Here it is, kids – the spookiest time of year. The one weekend when you can wake up betwixt a Friendship Manor resident wearing their Depends and a confused, young man, and the worst thing that can happen is you being late to bobbing for apples. This is the weekend of unbridled, outrageous extremes: Instead of having six beers, you have 17. Instead of going out in a T-shirt and jeans, you leave the house looking like the illegitimate love child of the St. Paulie girl and a cheap Jersey hooker.
If you’re going to dress up and party like you’ve never done before, why not take this opportunity to try something in the bedroom that you would never dream of doing if it weren’t Halloween? Why not give your scrumptious zombie friend a trick and a treat? You know what I’m talking about, and the move is only made oh-so-appropriate due to the current weather patterns these days. This weekend you’re gonna pee on your hookup – give ’em the old Golden Shower!
One of the last great taboo sexual fetishes, the Golden Shower isn’t tricky due to how you do it, but rather, because it’s damn near impossible to find where to do it. So in order to pull this move off successfully, you’re going to need to get your haunted hookup into the shower, for it is in the shower that your whiz, just like any chance of rekindling this relationship or remembering what you do this weekend, will swiftly dribble down the drain.
Getting the object of your ghastly passions into the porcelain arena should prove to be quite easy considering that costumes have a habit of getting pretty gross as the night goes on. If you want to double your chances, stake out a dance party and freak them next to the sweatiest person you can find. No doubt they will want to rinse off the salty slather they’re covered in after dancing alongside Chewbacca and Ron Burgundy.
So once they’re under-showerhead – you standing there like the Casanova you are, kissing them wildly and a-slipping and a-sliding all over their body – that’s when you start the waterworks. Let it all out – all of the Nattie and the whiskey and the Bacardi and the eggnog and – wait, eggnog? What kind of parties are you going to this weekend?! – send that relieving rush through the steam and right onto their legs.

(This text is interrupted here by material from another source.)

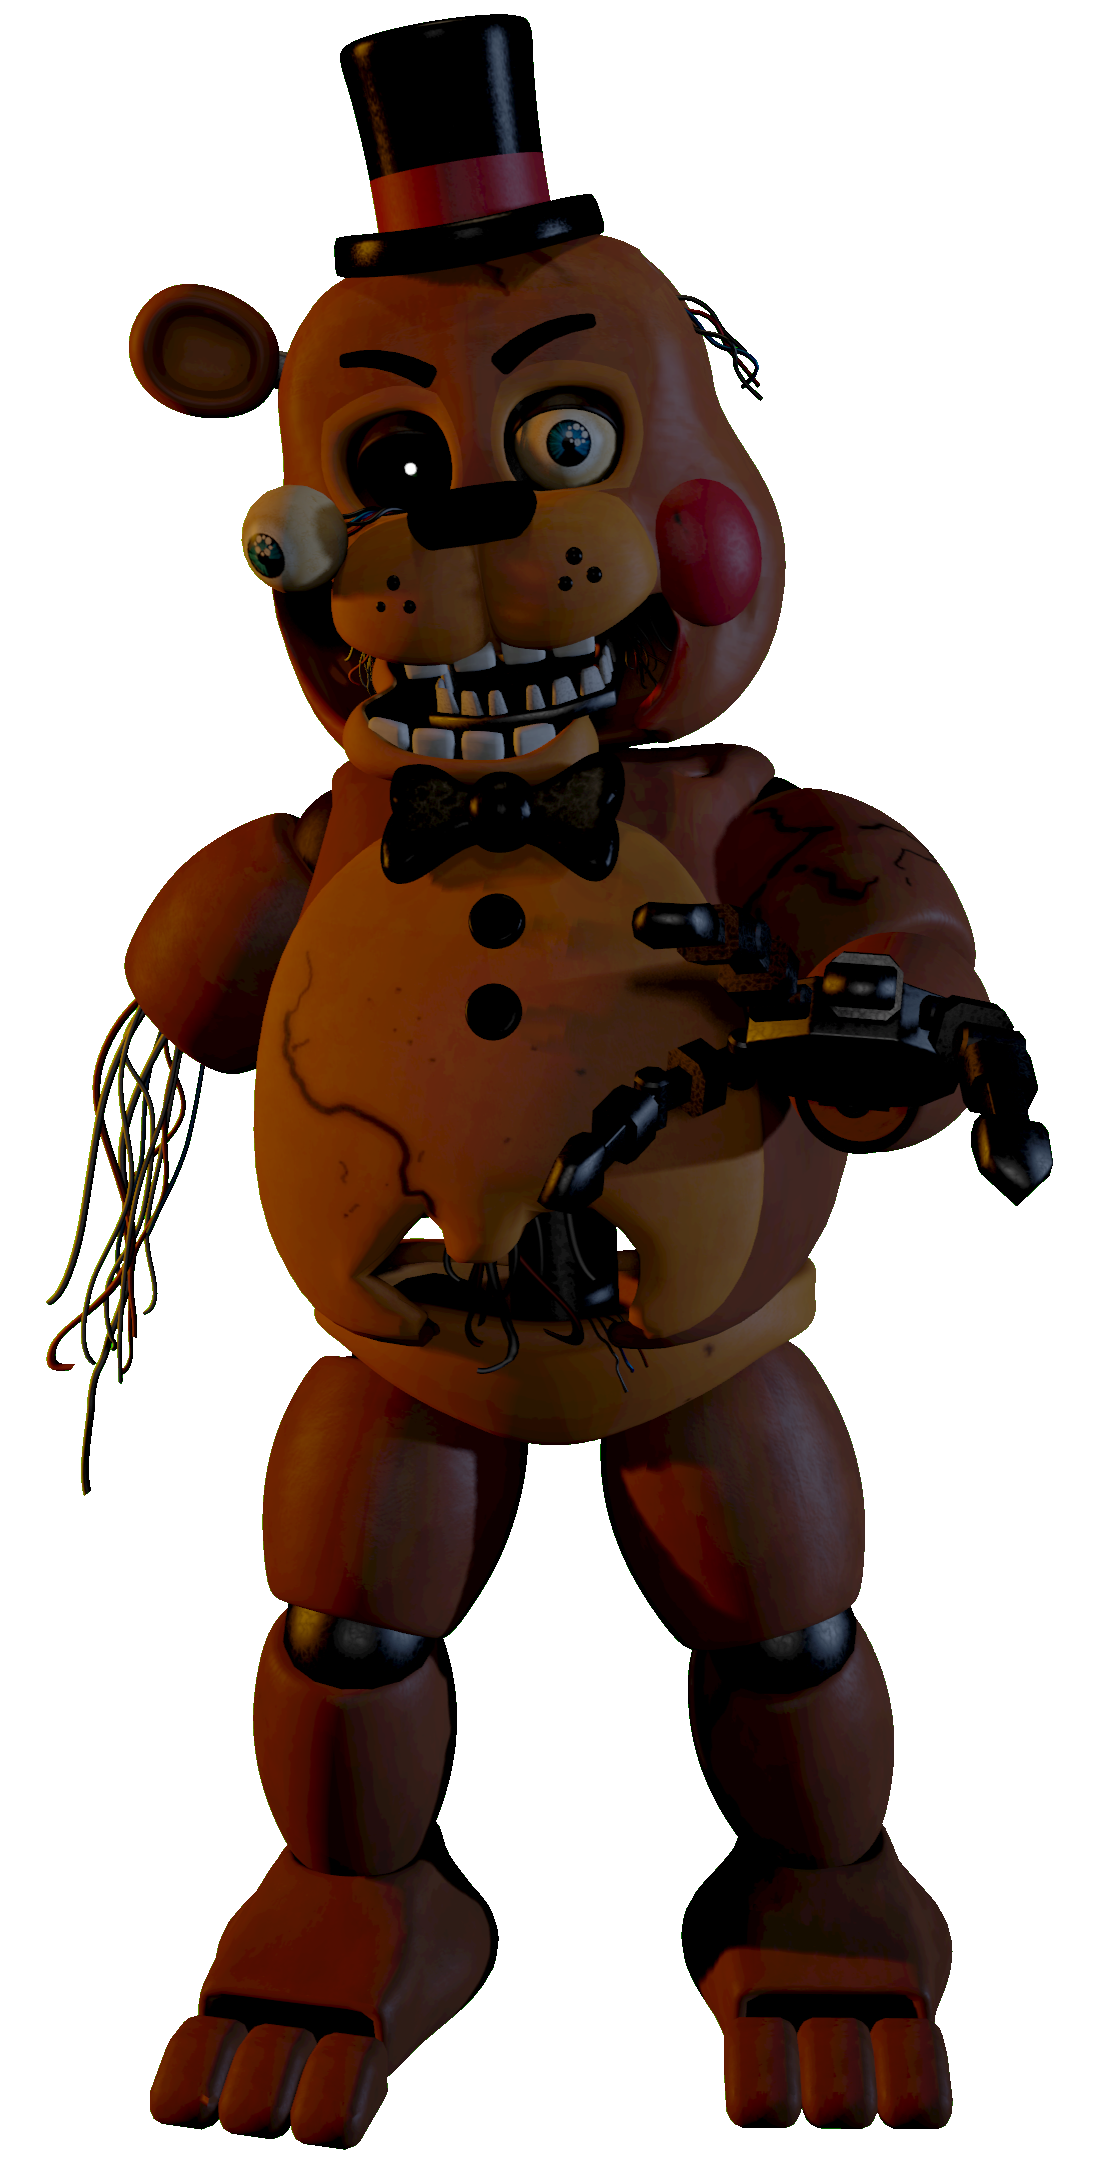 Freddy Plush by toasted912 on DeviantArt

This is where the true connoisseurs of the fetish break into groups. Some like receiving the shower, believing that the ultimate sign of sexual submission is accepting any fluid your lover has to offer. Others believe that giving the shower is the ultimate sign of sexual dominance, marking your territory like a sexy king or queen of the jungle letting everyone downwind know who you’ve nailed this monsoon season.
Now catch that look on their face! They might want to run away from you and your special drips of little yellow kisses, but if they bail out now, how the heck are they gonna wash off the rest of the pee? They are forced to stay in the shower with you, forced to turn away to rinse off one leg, only to have to you mark the newly offered limb. Try writing your name.
These seconds together might be awkward. They may start to cuss at you and call you names, maybe even try to pee on you back – ignore all of that. You should really use this time to reflect on what you are feeling – assuming you are coherent enough to understand what you are doing. Do you like peeing on someone else? Is this a fetish that you would like to explore again in a more sober, compassionate setting as opposed to your little pee-trap?
The freakiness that is Halloween in Isla Vista is an unrivaled experience, but let’s be honest – it does seem to be a bit repetitive once you’re my age, kids. So why not make this 31st a truly memorable experience? This holiday weekend, don’t pass up your golden opportunity to really let the good times flow!
God, that was bad. Now go get that candy!
Daily Nexus sex columnist Dave Franzese will tell the world to bring on the golden showers by dressing up as a urinal this Halloween.